This week somebody slid two little brown envelopes under the church door. Inside the two envelopes were two identical notes containing a much-photocopied anonymous handwritten note. (My thoughts of a generous donation were dashed. ) It is a poem and this is what it says:


When Jesus came to Glasgow,
they simply passed him by.
They never hurt a Hair of him,
They only let him Die.

For men have grown more tender
and they would not give him pain.
They only just passed down the Street
and left him in the Rain.

Still Jesus cried, Forgive them
for they know not what they do
and still it rained the Wintry Rain,
that drenched him through and through.

The Crowd went Home, and Jesus
crouched and left the streets
Without a Soul to see,
Against a wall and cried for Calvary.

Well, what do we think of that then? It does have the word ‘OBAN’ written in the top corner underlined twice. Did it come from there? And why was it delivered to me in Falkirk when clearly it is meant for someone in Glasgow?

Tis today’s mystery.

5 thoughts on “Indifference

  1. Simplistic – true that some are indifferent, but not that all are. Jesus did not die because people are cruel, but because they could not face the stirring up he did – this poem suggests to me that the writer has a very imperfect understanding of the forces that lead to the crucifixion. I’ve seen it (rather often) before. It sounds like a cry for help.

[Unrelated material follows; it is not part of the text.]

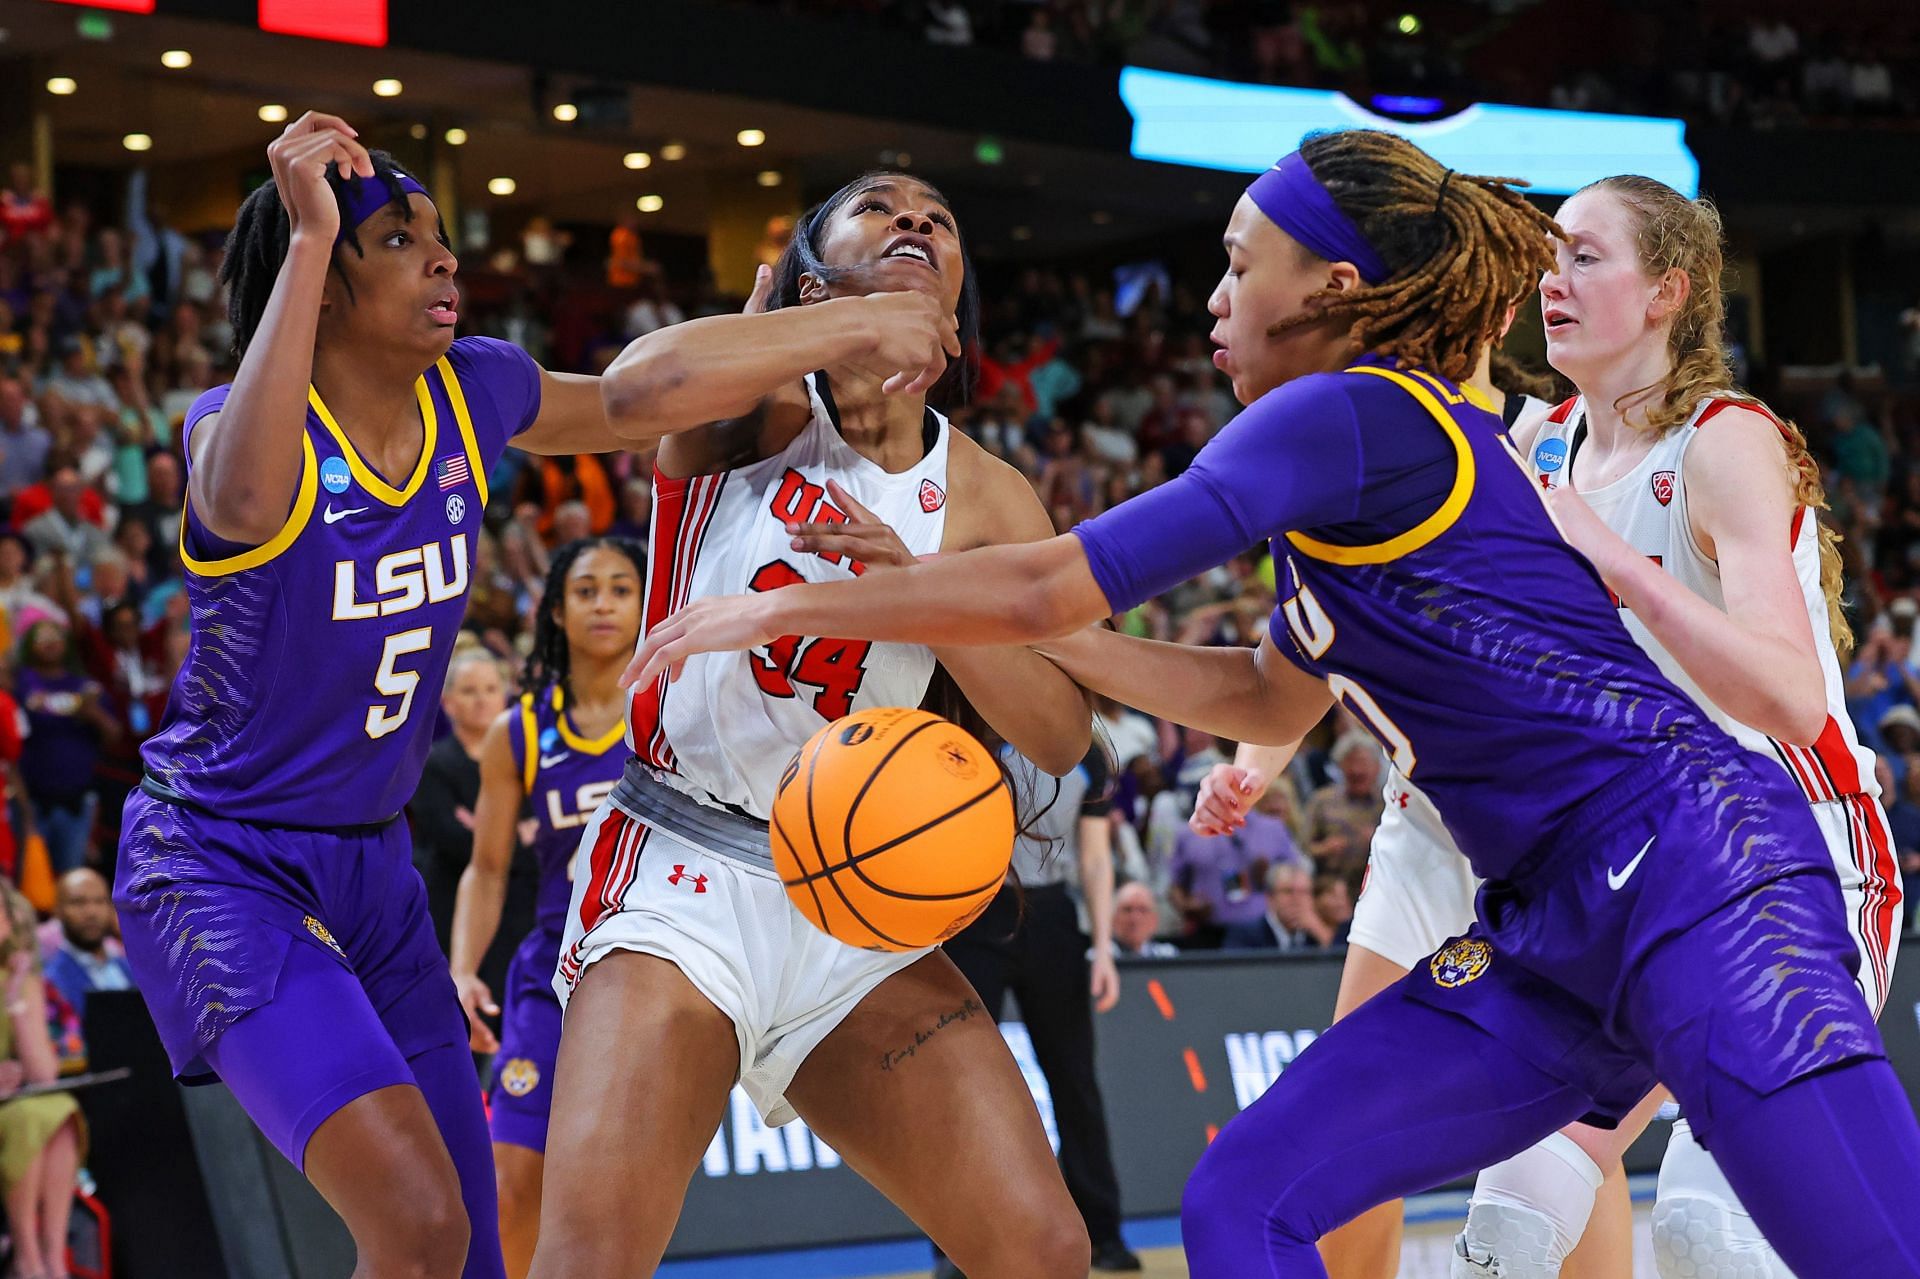 Smith averaged 11.7 points, 7.6 rebounds and 1.6 blocks per game before she suffered multiple knee injuries that ruled her out for the 2023-24 season.

    But there is a germ of truth in it. A good deal of suffering gets ignored.

  2. I think Studdert Kennedy knew the forces that led to the Crucifixion all too well….. and do look, Rosemary, at Kenneth Leech’s consideration of this poem in ‘We Preach Christ Crucified’.

  3. This is the original by Geoffrey Studdert Kennedy (1883-1929) – published in his Collected Poetry, “The Unutterable Beauty.” It’s Birmingham that takes the honours rather than Glasgow – but of course it could be true anywhere.


    When Jesus came to Golgotha they hanged Him on a tree,
    They drave great nails through hands and feet, and made a Calvary;
    They crowned Him with a crown of thorns, red were His wounds and deep,
    For those were crude and cruel days, and human flesh was cheap.

    When Jesus came to Birmingham they simply passed Him by,
    They never hurt a hair of Him, they only let Him die;
    For men had grown more tender, and they would not give Him pain,
    They only just passed down the street, and left Him in the rain.

    Still Jesus cried, “Forgive them, for they know not what they do,”
    And still it rained the wintry rain that drenched Him through and through;
    The crowds went home and left the streets without a soul to see,
    And Jesus crouched against a wall and cried for Calvary.

  4. Woodbine Willie – a great man. Didn’t know it was him. I still don’t much like it though – which is no disrespect to Kennedy. I don’t think that, over all, this poem takes account of just how obnoxious Jesus, the real historical Jesus, made himself. In as far as the point is that neglect and disparagement are a terrible pain, it is fair enough. But Jesus was crucified for challenging too many in ways too obvious – and that kind of thing never gets ignored.

  5. The writer seems to me to be saying that being ignored is more hurtful than being confronted, as I know someone who has deliberately ignored me to be hurtful I can agree with him.